City inks contract with electric workers

August 11, 2004|by GREGORY T. SIMMONS

The Hagerstown City Council on Tuesday unanimously approved and signed a two-year contract with the city's electric workers.

The contract provides for pay raises but cuts back on some benefits.

Ray Foltz, the city's assistant finance director, said the contract will cost about $2,007,000 in the first year and about $2,091,000 in the second year.

City Director of Administrative Services John Budesky said the contract is within the city's budget guidelines.

The agreement is retroactive to July 1 and covers the city workers through June 30, 2006. It affects the 30 city electric workers who are members of International Brotherhood of Electrical Workers Local 307.

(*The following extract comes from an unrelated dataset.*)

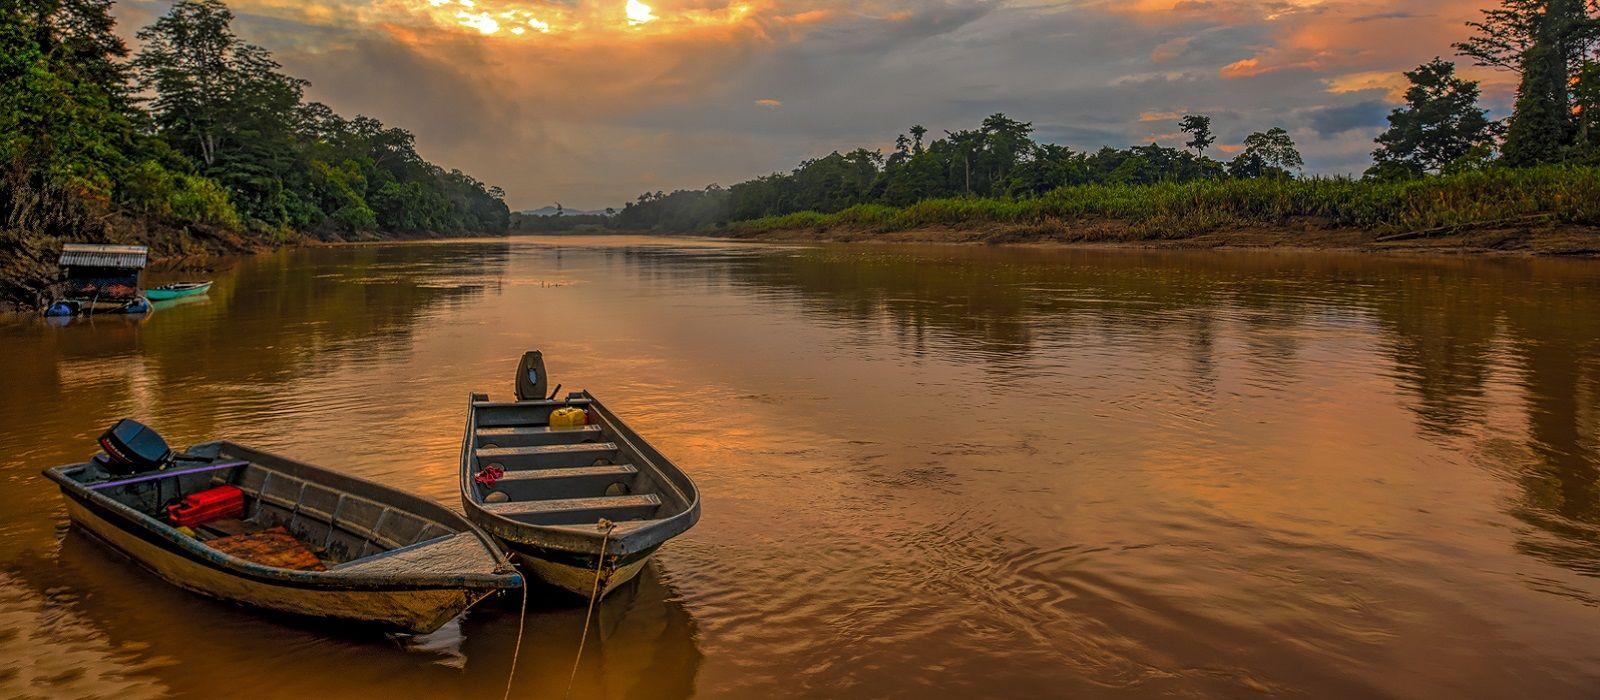 Wildnis und Strände Malaysias Urlaub 2

Steven Logsdon, who negotiated on behalf of the electric workers, noted the length of the negotiating process but praised the city employees who worked on the contract.


"It was sort of drawn out, but I think everybody got in the end what they wanted to get," Logsdon said.

According to an outline of the terms discussed Tuesday, the employees will receive a 3 percent pay raise this year and a 3.5 percent pay raise next year. The agreement caps health insurance premium increases at 10 percent this year and at 16.5 percent next year.

The amount of sick leave employees are allowed to sell back for cash was reduced by half, and the amount of overall sick days granted to employees was reduced from 15 a year to 12, according to the outline.

The two unions representing firefighters and public works employees have been working under contracts that expired June 30.

The city's fourth union, which represents police officers, settled a dispute dating back to 2001 in January after public negotiations. That contract expires next year.